The device-dax facility allows an address range to be directly mapped
through a chardev, or turned around and hotplugged to the core kernel
page allocator as System-RAM. It is the baseline mechanism for
converting persistent memory (pmem) to be used as another volatile
memory pool i.e. the current Memory Tiering hot topic on linux-mm.
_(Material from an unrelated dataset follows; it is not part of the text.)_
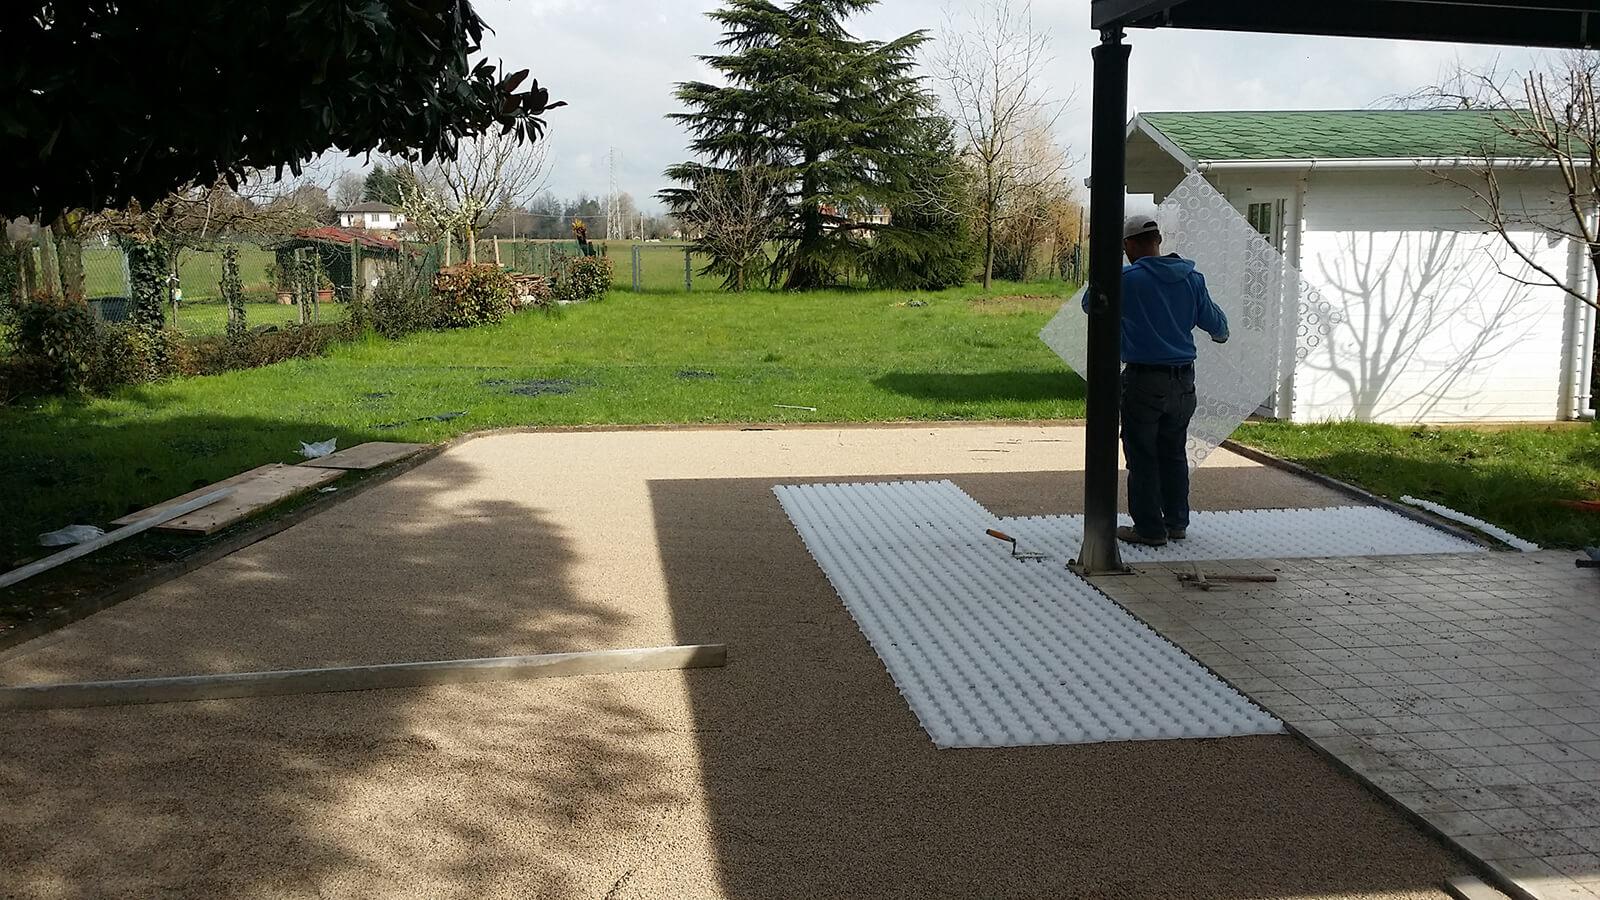 progettazione realizzazione giardini monticello conte otto - verde blu giardini 3

In the case of pmem the nvdimm-namespace-label mechanism can sub-divide
it, but that labeling mechanism is not available / applicable to
soft-reserved ("EFI specific purpose") memory [1]. This series provides
a sysfs-mechanism for the daxctl utility to enable provisioning of
volatile-soft-reserved memory ranges.

The motivations for this facility are:

1/ Allow performance differentiated memory ranges to be split between
   kernel-managed and directly-accessed use cases.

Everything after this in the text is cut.